If $S\equiv x^2+y^2+2gx+2fy+c=0$ is a given circle, then the locus of the foot of the perpendicular drawn from origin upon any chord of $S$ which subtends a right angle at the origin, is

• A. $2(x^2+y^2)+2gx+2fy+c=0$
• B. $2(x^2+y^2)+2gx+2fy-c=0$
• C. $(x^2+y^2)+gx+fy+c=0$
• D. None of these

Answer 1

The correct option is A $2(x^2+y^2)+2gx+2fy+c=0$

Let $P$ be the foot of $\perp$ from origin $O$ on any chord of the circle $S$ whose coordinates are $(\alpha ,\beta ).$

Then, the slope of $OP$ is $\frac{\beta }{\alpha }$ and thus the slope of chord is $-\frac{\alpha }{\beta }$ and its equation passing through $(\alpha ,\beta )$ is $y-\beta =-\frac{\alpha }{\beta }(x-\alpha )\Rightarrow \beta y-{\beta }^2=-\alpha x+{\alpha }^2$

$\Rightarrow \alpha x+\beta y={\alpha }^2+{\beta }^2$ ...(1)

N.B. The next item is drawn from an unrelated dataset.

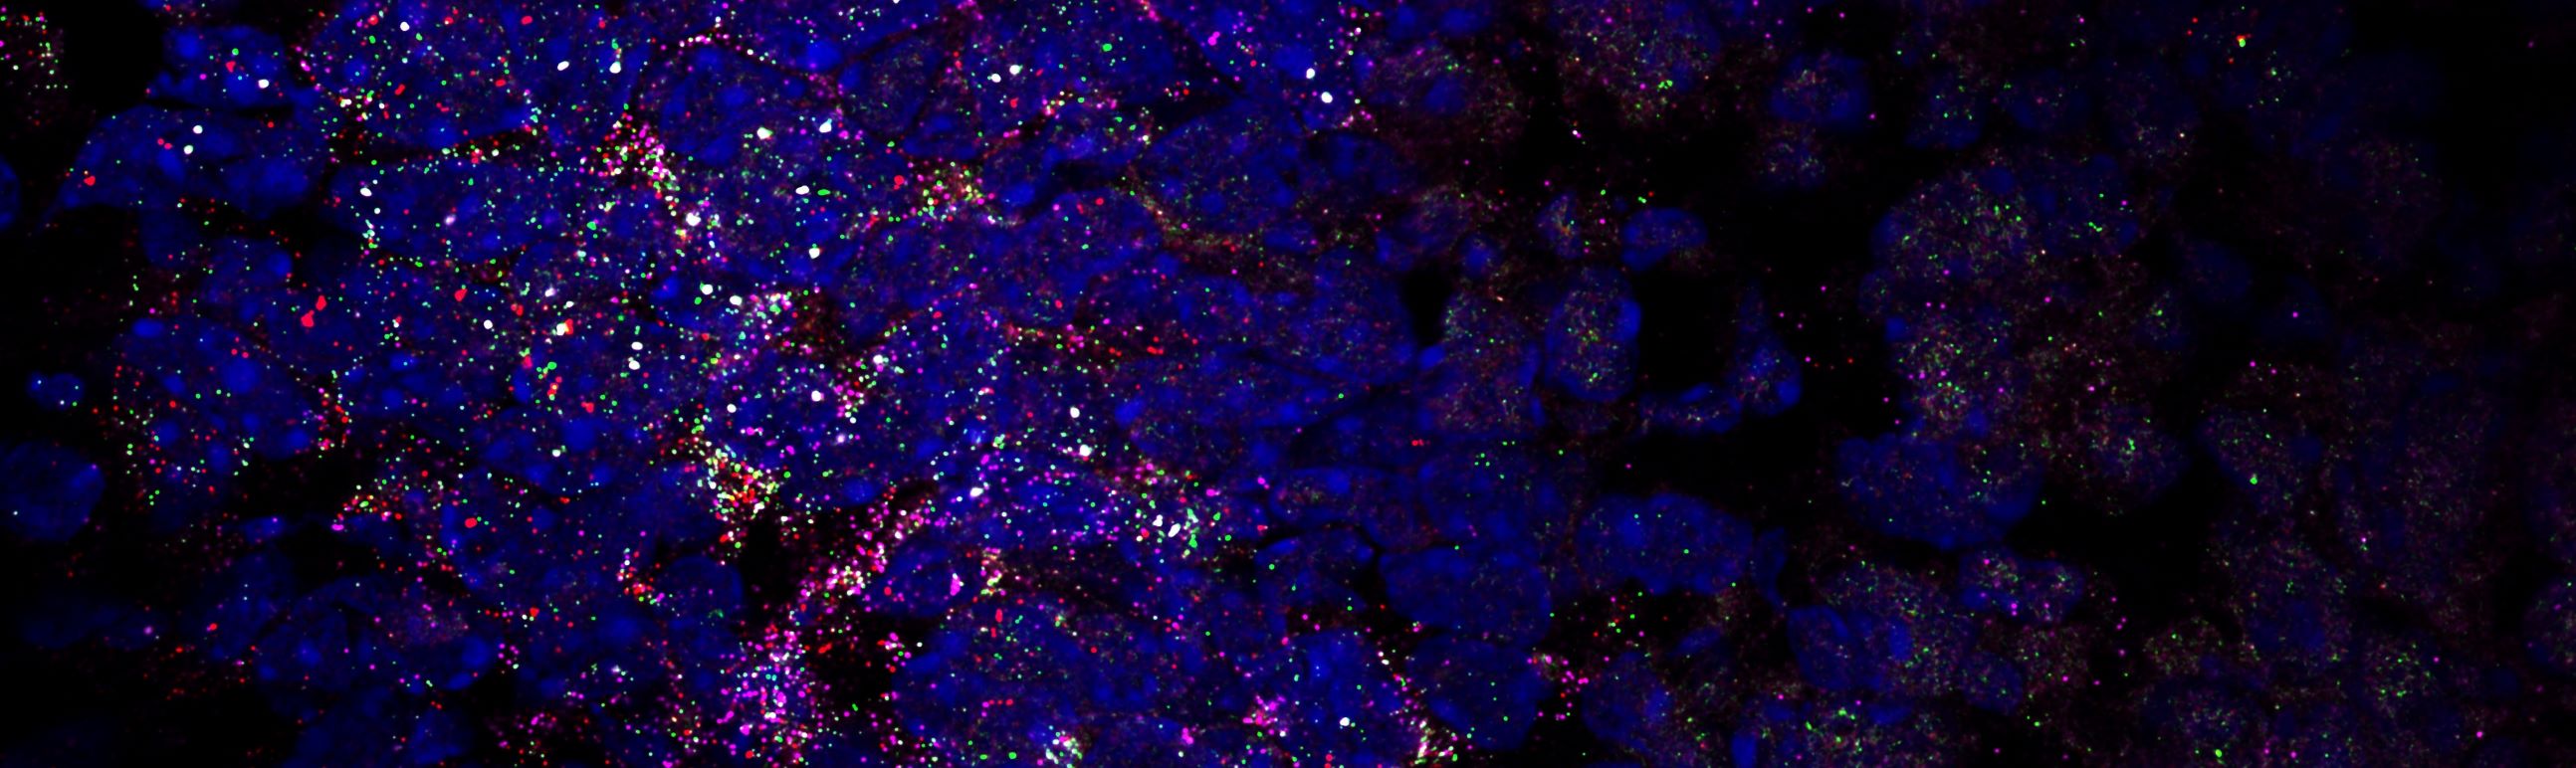 Fluoreszenzmikroskopische Aufnahme einer Hulu-FISH-Analyse. Zu sehen sind bunt leuchtende Bildpunkte und Farbflächen auf dunklem Hintergrund.

Now, homogenizing the equation of the given circle

$x^2+y^2+2gx+2fy+c=0$

with the help of (1), we get

$x^2+y^2(2gx+2fy)\left(\frac{\alpha x+\beta y}{{\alpha }^2+{\beta }^2}\right)+c{\left(\frac{\alpha x+\beta y}{{\alpha }^2+{\beta }^2}\right)}^2=0.$ ...(2)

Now, equation (2) represents a pair of straight lines pass-ing through origin.

These lines will be at right angle if sum of the coefficients of $x^2$ and $y^2$ is zero.

i.e., ${({\alpha }^2+{\beta }^2)}^2+{({\alpha }^2+{\beta }^2)}^2+2g\alpha ({\alpha }^2+{\beta }^2)+2\beta f({\alpha }^2+{\beta }^2)+c({\alpha }^2+{\beta }^2)$

$\Rightarrow 2({\alpha }^2+{\beta }^2)+2g\alpha +3f\beta +c=0$ ...(3)

From equation (3), the locus of $P(\alpha ,\beta )$ is

$2(x^2+y^2)+2gx+2fy+c=0$

which is the required locus.